NB: There are some invalid remnants of a previous state machine, including state values such as deleted, in the database. These should be removed.

  1. deleted_at

The deletion timestamp should be set by the publishing application when an asset is deleted. A nil value means the asset has not been deleted (default).

  1. replacement_id

This is a BSON object ID, set by the publishing app when the user uploads a new file in the place of an old one, typically with the intention of preserving some contextual document metadata. Default is nil. The replaced asset redirects to its replacement, provided the replacement is not in draft.

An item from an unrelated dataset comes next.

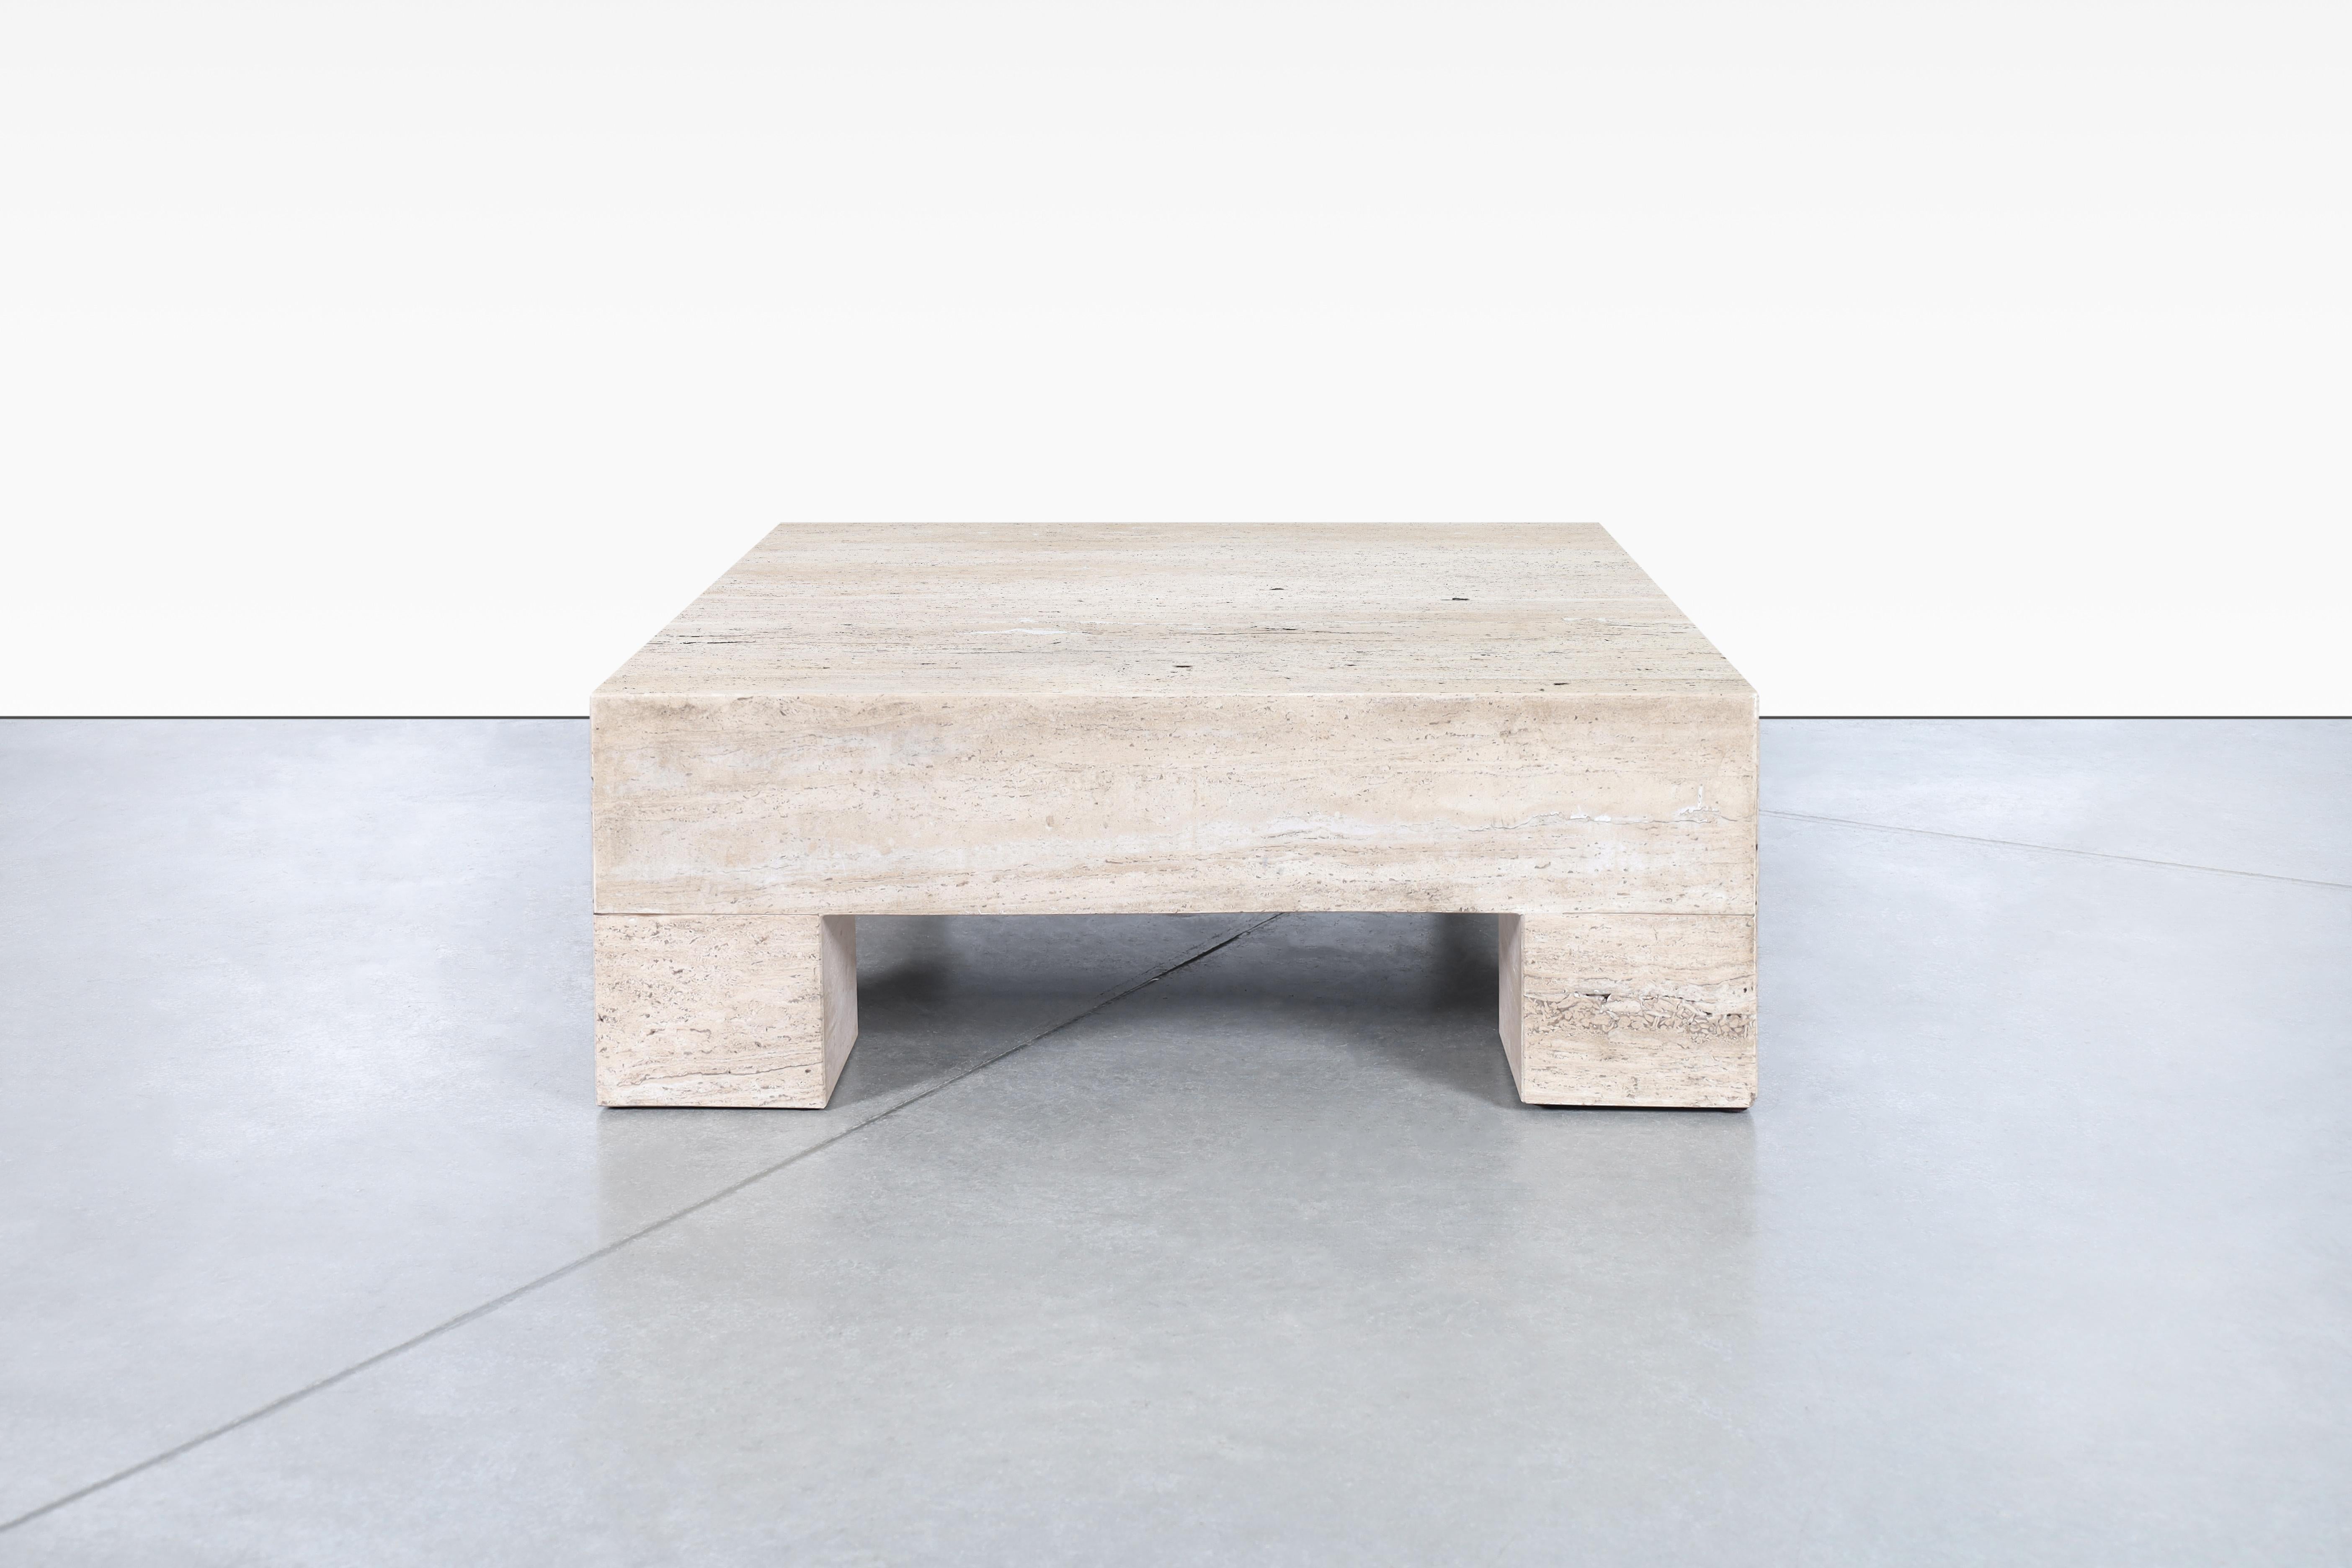 Vintage monumental Italian travertine coffee table designed in Italy, circa 1970s. The combination of the natural minerals that make up the travertine stone flows beautifully through the table. The table features a thick square travertine top and is

Whilst deletion and replacements are mutually exclusive (an asset should not logically have both), they do coexist in the database. Deletion, replacement, and draft work together to support previewing of draft content. An asset will not redirect to its replacement if the replacement is in draft. This ensures that until the publish event is fired, the users can preview images and documents on the draft stack.

Publishing applications only send the next-in-line replacement_id. It is Asset Manager that deals with backpropagating the replacement - see the update_indirect_replacements_on_publish callback. This ensures that all assets in a chain of replacements redirect to the latest one.

  1. redirect_url

This is set by the publishing app when the parent edition is unpublished. Default is nil. It is usually set to the parent document URL. Upon creating a new draft of the parent edition, the publishing app should set the redirect URL back to nil.